The law also states that each teacher who doesn't lead the class in the pledge should be fined $5 each day.

Harrington points out that the law clearly states that not only should each classroom have a flag but that a teacher should lead the class in reciting the Pledge of Allegiance.

The school committee, however, was told by the town counsel that it was not legal for teachers to lead their classes in the pledge, Harrington said.

"But the flag part was, so they voted on the flag part, and they didn't vote on the pledge part at all," he explained.

The Arlington High School senior says that his mission required a second visit.

Listen to an interview with Jeff Katz:

"The second time I went was right before the 4th of July, and when I went for the pledge, it was a tie vote. The motion made was that the pledge would be led by a volunteer to the students, in either the form of a volunteer or a tape recording to be played on the PA system," Harrington explained.

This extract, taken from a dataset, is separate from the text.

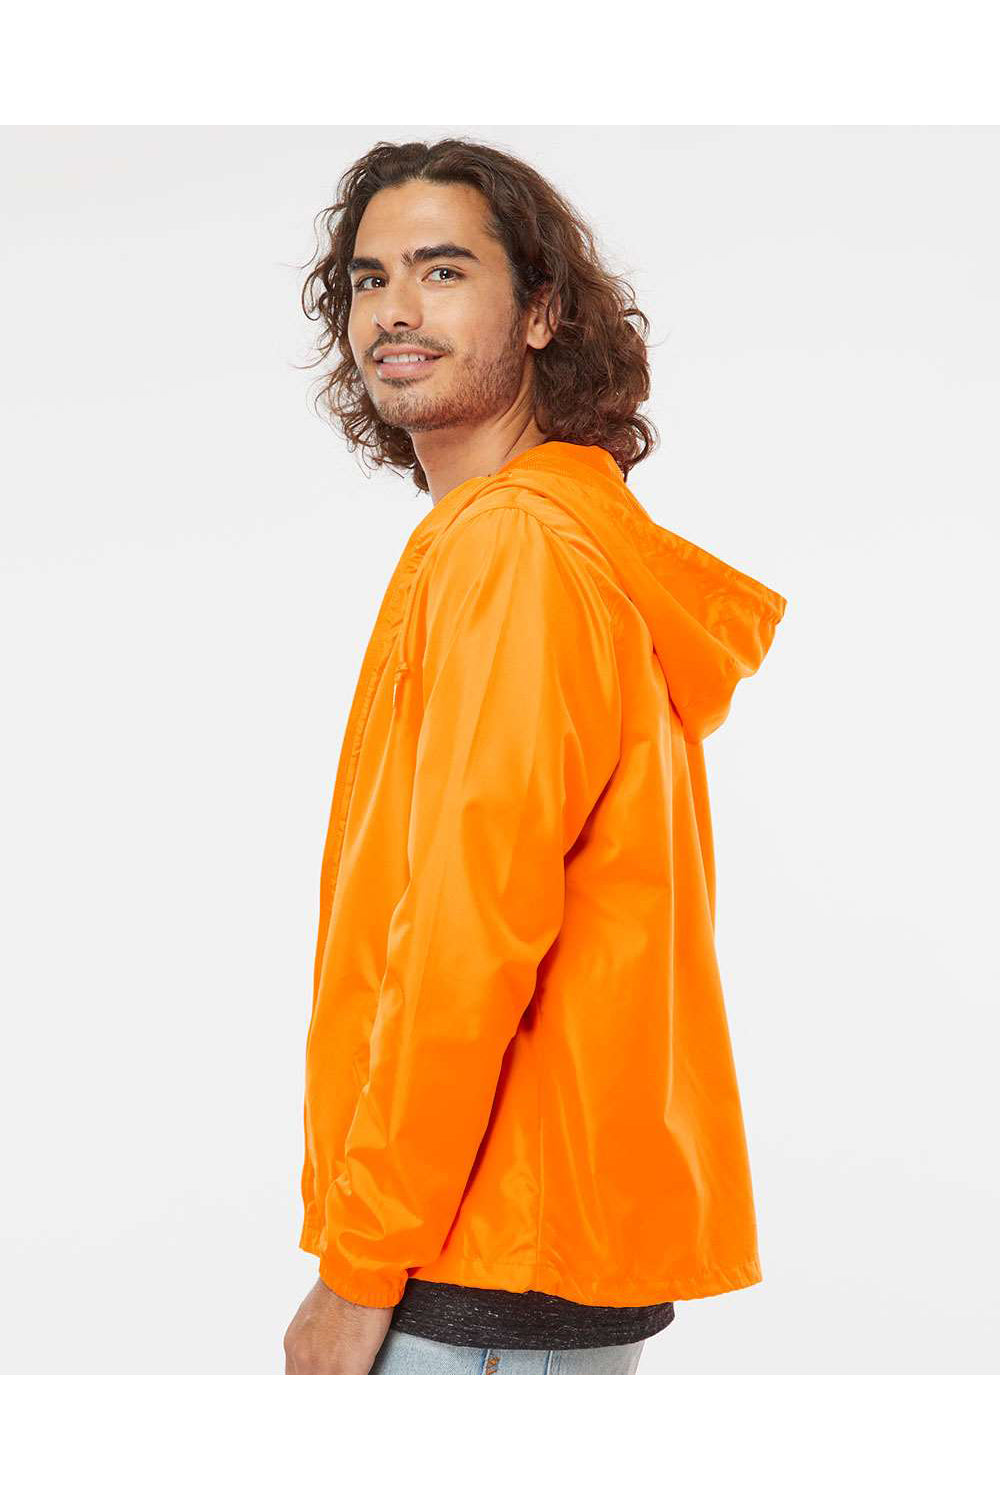 Independent Trading Co. EXP54LWZ Mens Full Zip Windbreaker Hooded Jacket Safety Orange Model Side

"It was a tie vote on that, but then after the story hit the news, near the beginning of the school year, the vote was unanimous," he said.

Boston area talk show host Jeff Katz believes saying the pledge is a controversial issue because many Massachusetts educators have the wrong idea about patriotism.

"Unfortunately I think there are a lot of people, and especially in Massachusetts, who have a very skewed idea of what the Pledge ofAllegiance is about. We were told that teachers and administrators said the Pledge of Allegiance was un-American. That it was un-American to talk about your love for the country, and it was un-American to talk about one nation under God," Katz explained.

"I think for a lot of the uber-left, politically correct crowd, it embodies everything that they detest. They detest the idea that we're God's creation. They detest the idea that this nation has been blessed by God. They detest the idea that there are very brave men and women who have been willing to lay everything on the line and make the ultimate sacrifice for us," Katz continued.

Katz says it's also hard to believe that with the law written as it is, there should even be a problem like the one in Arlington.

"I just couldn't believe that this was going on, though we started getting a lot of calls from parents who said that Arlington isn't the only place where this is going on," Katz stated.

Katz is hopeful that adults around the state and nation will help future Sean Harringtons.

However, Sean Harrington believes there is more to this whole issue than just saying the Pledge of Allegiance.

"I feel it's a sad day in our country that a person on the school committee would even say, 'I don't think we can find teachers to say the pledge,' which is what one of them said. It's revolting that they would even believe that they couldn't find one teacher who would say the Pledge ofAllegiance," Harrington stated.

"Once we as Americans stop realizing what the pledge says, which is quite frankly, it is a statement for our duties and obligations as Americans. Once we start thinking it means nothing, then I think it becomes a question of what has happened to our country," he observed.

Harrington hopes his work will help other high school students around the country.

"I'm hopeful that my work will keep other students from having to go through the same thing I did so we could show our love for our country," Harrington said.